Virtual / Scientific / Debian Maintenance

Late this evening (probably around 11pm), I will be taking virtual.eskimo.com, which hosts scientific.eskimo.com and debian.eskimo.com shell servers, down for maintenance.

I need to do this to troubleshoot CPU overheating issues on this machine.  It is nearly identical to Iglulik in terms of hardware, but the CPU on Iglulik is barely above room temperature where the CPU on this box is barely below the boiling point of water.  They are both i7-2600 CPUs.

I will suspend the guests before shutting down so that anything running on shutdown will be running again on start-up.

Shellx Restored To Service

Shellx is now restored to service and available for use.  The IP address has changed, you may need to flush your DNS cache.

If you use ssh (or anything that tunnels through ssh such as nx or vnc) to connect, you may also need to remove the line from .ssh/known_hosts as the IP is different.

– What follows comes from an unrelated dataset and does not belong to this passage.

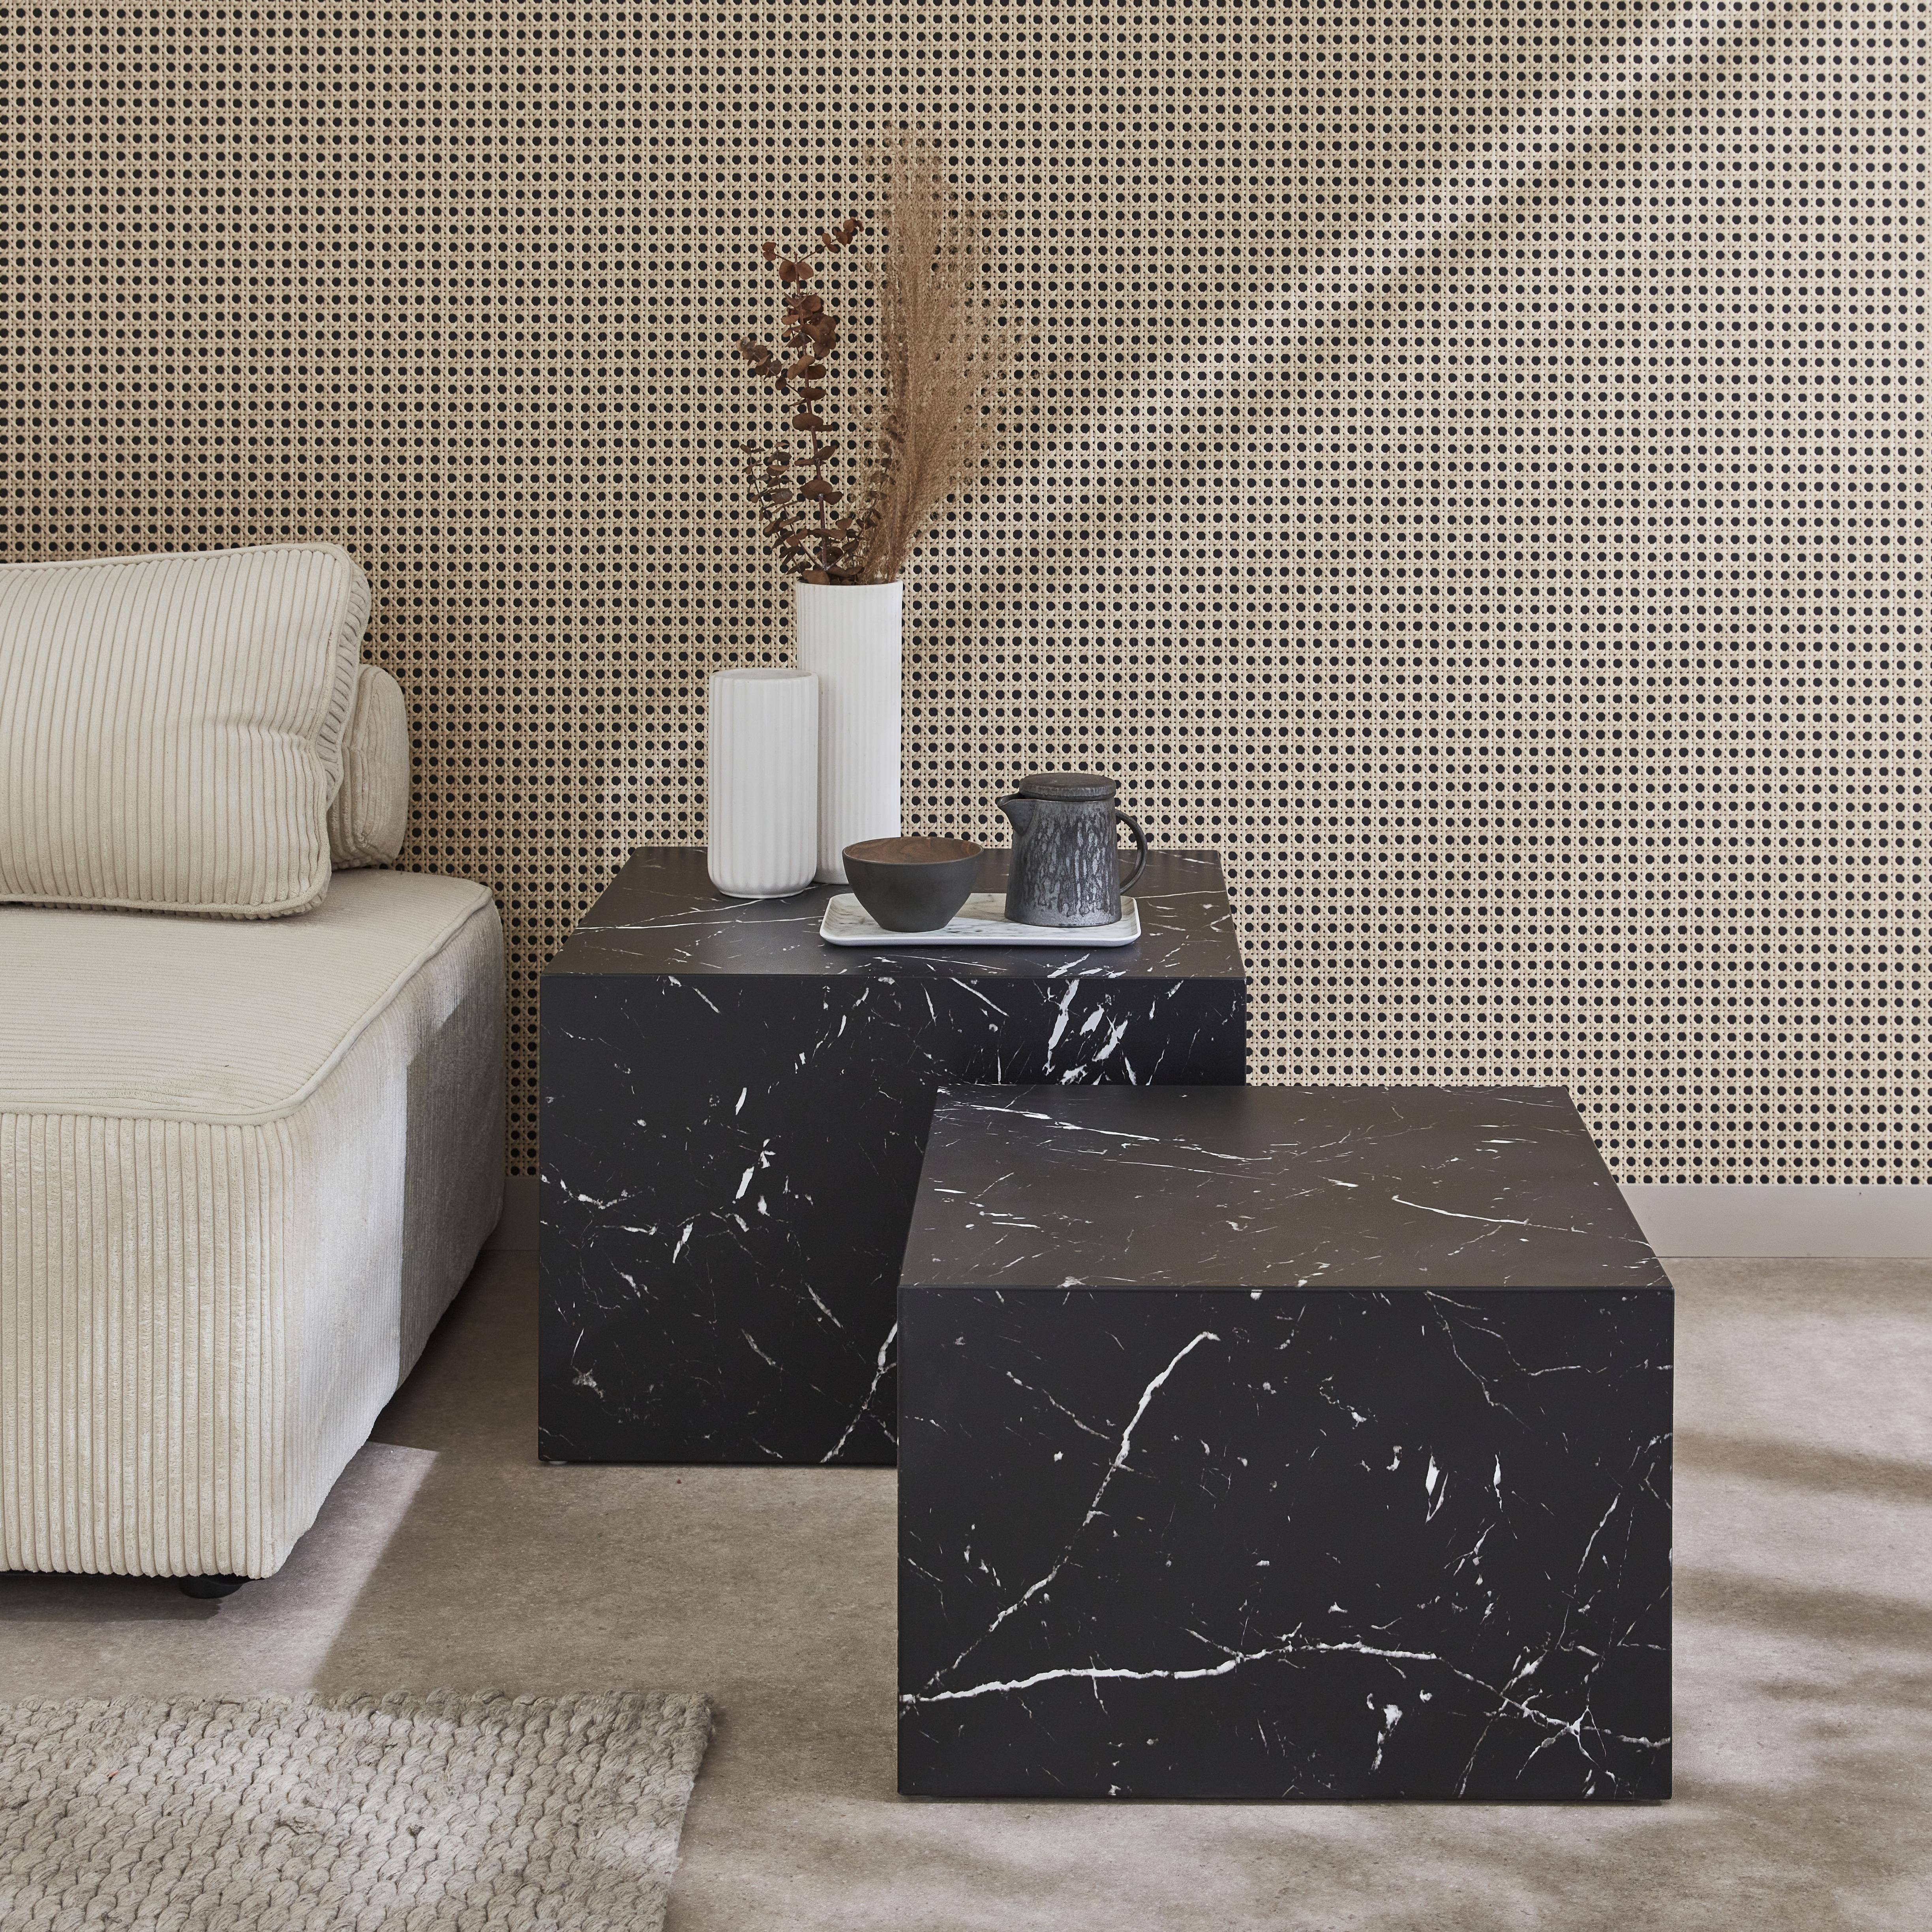 Set of 2 square coffee tables with marble effect, black, L50xW50xH33cm &  L58xW58xH40cm, Paros Photo1

Shellx Temporarily Out Of Service

It turns out that shellx was the target of the attack that affected the Bellevue Co-Location facility at Isomedia.  They have black-holed the IP address of shellx to protect the rest of their customers and as a result it was necessary to change the IP to bring shellx back into service.

In the process of doing so, I discovered some missing software and configuration issues that are potentially security affecting and so am working to correct those.  After that is done I will need to take the machine down for 25 minutes or so to image it.

Denial of Service Attack

The co-location facility where we have our equipment is currently undergoing a denial of service attack.  They are working to isolate the source and mitigate the attack.  In the meantime it is severely impacting the routing to our equipment.

Thanks for the Advice

I want to thank all of you who have clicked on the “Advise Us” link and taken the time to fill out our survey.

The major thing that I’ve come away with is that our website needs to be upgraded in at least four major ways.

1) It needs to be responsive so that it is viewable and operational on smart phones and tablets.  This was not only stated, especially where e-mail is concerned, but also implied by the fact that so few of our customers are connecting via a smart phones even though in 2012, they made up over 25% of primary browsers and probably even more today.  Those are essentially lost customers.

2)  It needs a modern interface.  People are asking for features and information that is already present which is a strong indicator that said features and information are too difficult to find.  People also indicated a desire for better aesthetics.

3) There is a need for information that currently is not available on our website.

4) There is a desire for web applications to do certain things easily such as leaving a vacation message, configuring domain hosting and other services online, etc.

A lot of the complaints centered around problems that have been resolved for the last year or year and a half.  We haven’t had a single crash since we upgraded the infrastructure and there have only a few short unintended outages, the result of upgrades gone bad.  Not much I can do about the past.

A lot of people would like us to provide our own high speed access.  Unfortunately, the level of capitalization that requires works on a scale of millions of customers but not on a scale of hundreds or even thousands so we are forced to work with telephone companies and wholesale providers.

Virtually all respondents said we needed better documentation.

 

Scientific Key

Somehow the key for scientific.eskimo.com got hurt.  In order to connect with NX it will be necessary to re-download the key and re-import it into NX-client 3.5 or NX-player 4.0.x.

You can get the key here: scientific.key

Customer Affecting Maintenance Completed

That portion of this mornings maintenance activity that required machines to be out of service has been completed.  There is some additional work that will be done later today but it involves machines that are duplicated so will not impact service.

This Mornings Maintenance Taking Longer

This mornings maintenance is taking longer than expected.  Two virtual machines suspended instead of shutting down for reasons unknown and as a result the images were unusable.  I had to take shellx down for second time to re-image it and haven’t even started on the web server yet.  When shellx comes back up, it will be done for the night, then the web server will go down for about twenty minutes.  After that, all the customer affecting work will be done save for some compression jobs which may slow things somewhat.